Cache options (Java SDK)

A Workflow Cache is created and shared between all Workers on a single host. It's designed to limit the resources used by the cache for each host/process. These options are defined on WorkerFactoryOptions:

WorkerFactoryOptions#workflowCacheSize defines the maximum number of cached Workflow Executions. Each cached Workflow contains at least one Workflow thread and its resources (memory, etc.).
maxWorkflowThreadCount defines the maximum number of Workflow threads that may exist concurrently at any time.

These cache options limit the resource consumption of the in-memory Workflow cache. Workflow cache options are shared between all Workers because the Workflow cache is tightly integrated with the resource consumption of the entire host. This includes memory and the total thread count, which should be limited per host/JVM.

For Go, use SetStickyWorkflowCacheSize. For Python, use the max_cached_workflows Worker option.

"Large value" drawbacks

There are drawbacks when you use "large values everywhere." As with any multithreading system, specifying excessively large values without monitoring with the SDK and system metrics leads to constant resource contention/stealing This decreases the total throughput and increases latency jitter of the system.

Invariants (JavaSDK only)

These properties should always be true for a Worker's configuration.

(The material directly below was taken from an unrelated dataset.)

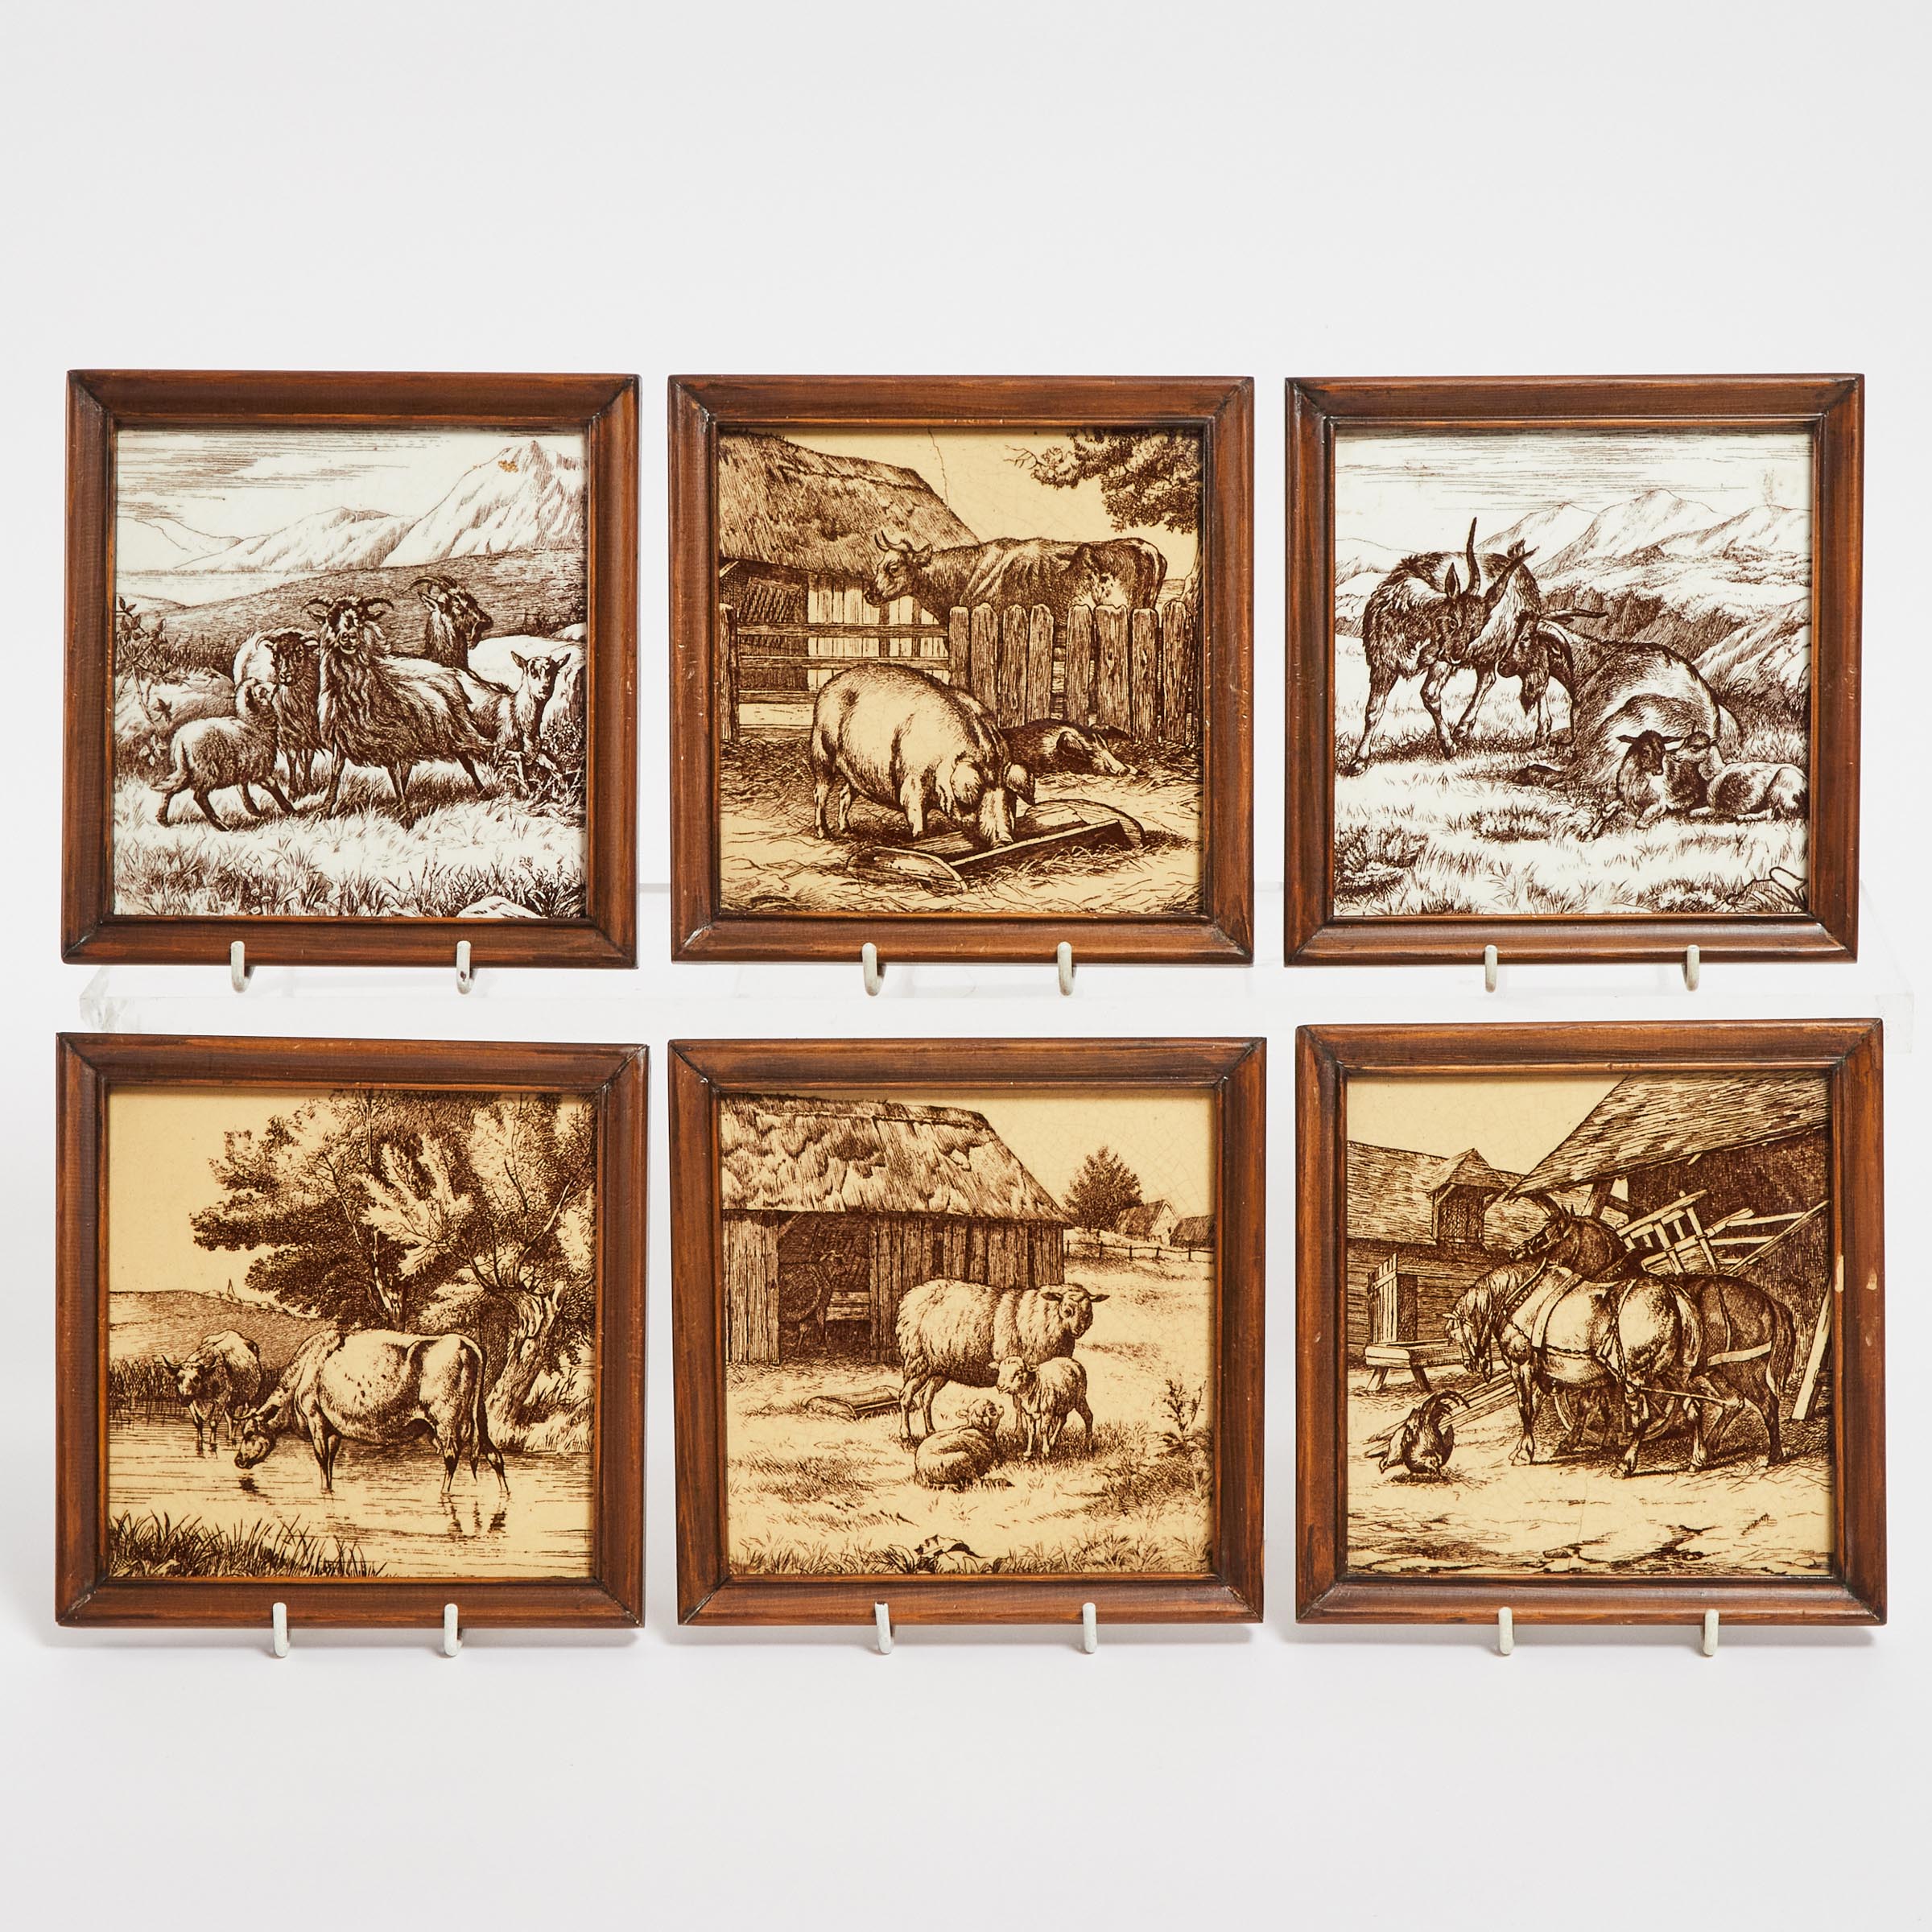 Six Framed Porcelain Tiles, Minton China Works, c.1880, height 6.8 in — 17.2 cm (6 Pieces)

Perform this sanity check after the adjustments to Worker settings.

workflowCacheSize should be ≤ maxWorkflowThreadCount. Each Workflow has at least one Workflow thread.
maxConcurrentWorkflowTaskExecutionSize should be ≤ maxWorkflowThreadCount. It's recommended that maxWorkflowThreadCount be at least 2x of maxConcurrentWorkflowTaskExecutionSize. This is because having more Worker slots than the Workflow cache size will lead to resource allocation issues between executors and cause unpredictable delays.
maxConcurrentWorkflowTaskPollers should be significantly ≤ maxConcurrentWorkflowTaskExecutionSize. And maxConcurrentActivityTaskPollers should be significantly ≤ maxConcurrentActivityExecutionSize. The number of pollers should always be lower than the number of executors.

Worker runtime performance tuning

Worker tuning manages the assignment of slot suppliers. A Worker Tuner instance exists per-Worker, providing slot suppliers for different slot types (Activity, Workflow, Nexus, or Local Activity Tasks). A tuner assigns different suppliers to each slot type. For example, it might provide a fixed assignment slot supplier for Workflows and use a resource-based supplier for Activities.

Choosing slot supplier types

Temporal offers three types of slot suppliers: fixed assignment, resource-based, and custom. For most workloads, Temporal recommends fixed-size slot suppliers. A fixed-size tuner with appropriately chosen values delivers better performance and more predictable behavior than a resource-based tuner.

Each SDK provides default slot counts, but Temporal recommends actively tuning these values for your workload.

When to use resource-based slot suppliers

Resource-based slot suppliers are suited to specific use cases.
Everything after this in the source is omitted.